艦隊これくしょん(批判的感想)
※この文章では前半、「艦隊これくしょん」の批判をし、後半、表現の自由に関して書いています。どちらも重い内容になります。特に「艦これ」のファンの方は気分を害されると思いますので、嫌な方は読まないでください。
書くのはよそうかと思っていたのですが、やっぱり書いておきます。
「艦隊これくしょん」は
第日本帝国海軍の軍艦を少女に擬人化したキャラクターが、敵=海中から出現する同じく女性軍艦型の怪物と戦う、育成・戦闘シミュレーションゲーム。ブラウザ配信ゲーム。2015年1月よりアニメ放送。
……という説明でいいでしょうか?
率直に言って、なんて馬鹿な物だ、と思う。
実在の軍艦を萌えキャラ化?
こんな物がヒットしている日本人の脳みそは腐っているんじゃないかと思った。
わたしの祖父は父方、母方共戦争で死んでいる。
母方の祖父は陸上の戦闘で戦死したらしい。わたしはもちろん古い写真でしか知らない。形ばかりの遺品があったように思う。
父方の祖父は軍の輸送船の船員だったそうで、どこかの海上で撃沈されたらしく、具体的にどこでどう亡くなったのかまったく分からない。写真もないし遺品もない。

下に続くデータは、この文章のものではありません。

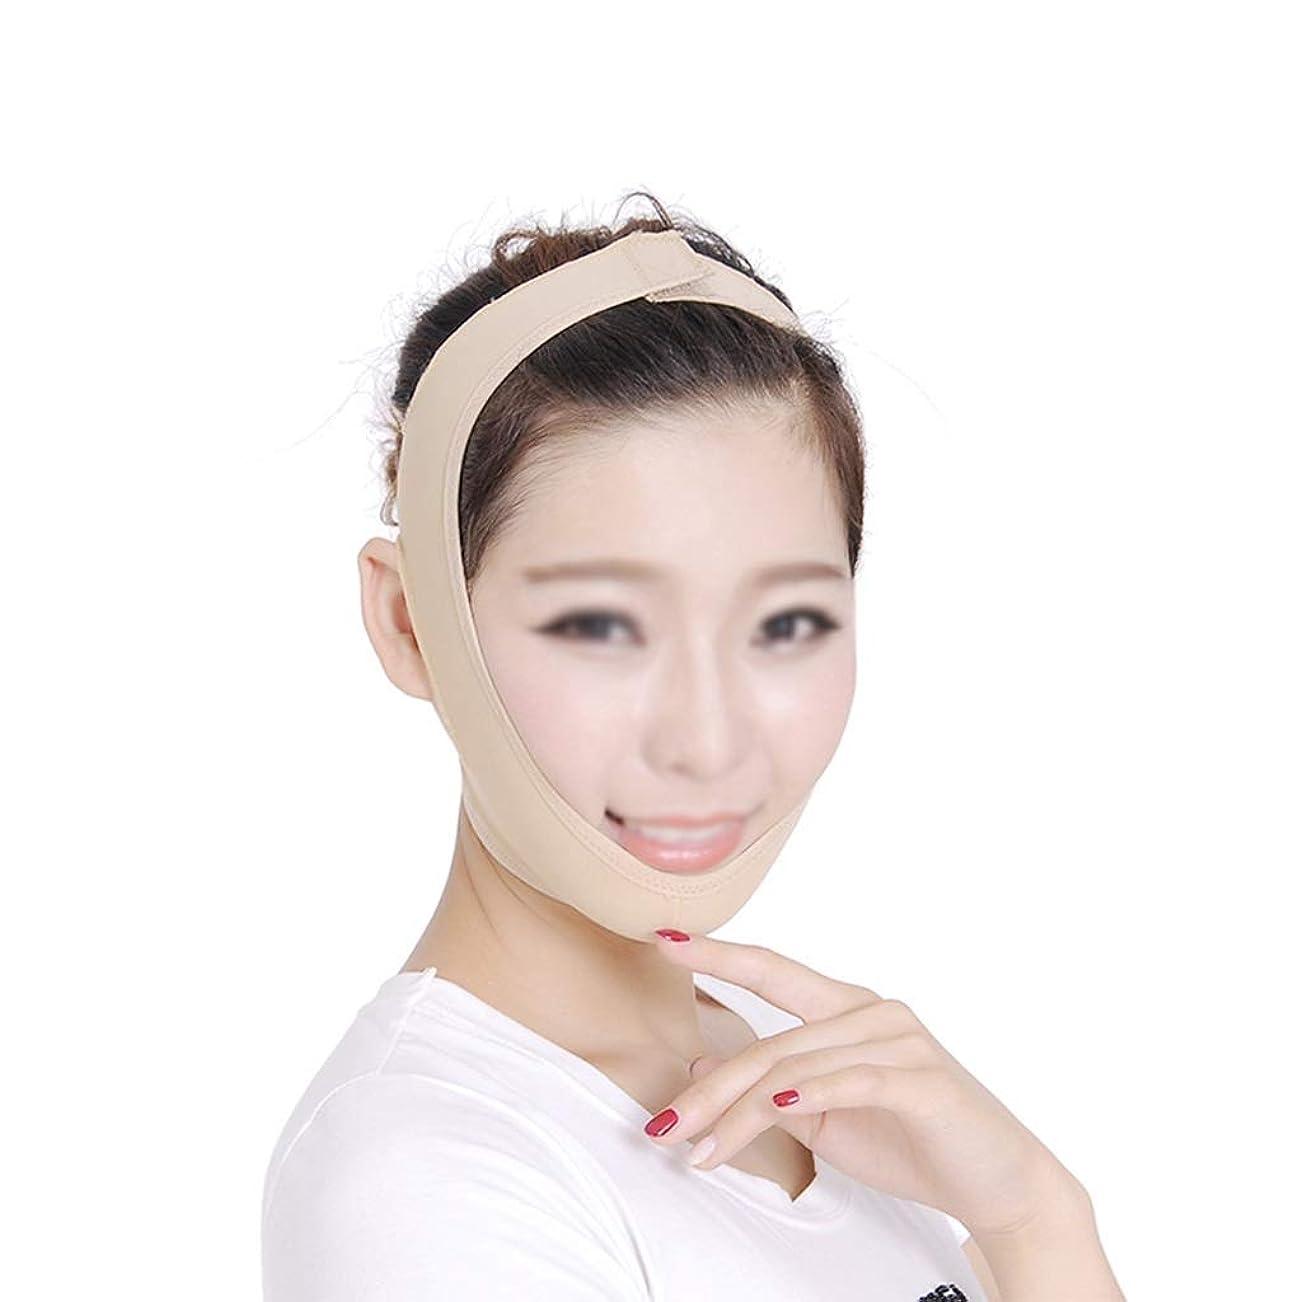 ブレーキ教科書細部フェイシャル減量マスクリフティングフェイス、フェイスマスク、減量包帯を除去するためのダブルチン、フェイシャルリフティング包帯、ダブルチンを減らすためのリフティングベルト(カラー:ブラック、サイズ:M),イエローピンク、XL

祖父が亡くなっていることでわたしは子供心に戦争は人が死ぬ、恐い、嫌なものだという思いを強く抱いていた。
それが、
萌えキャラだあ?
ふざけやがって、と激しく反発を抱いた。
もっとも、このゲーム及びアニメはわたしみたいなおっさん向けの物なんかではないだろう。こういう古い人間がうるさく言ってくるのを「入ってくんなよ」と迷惑に思うのだろうけれど。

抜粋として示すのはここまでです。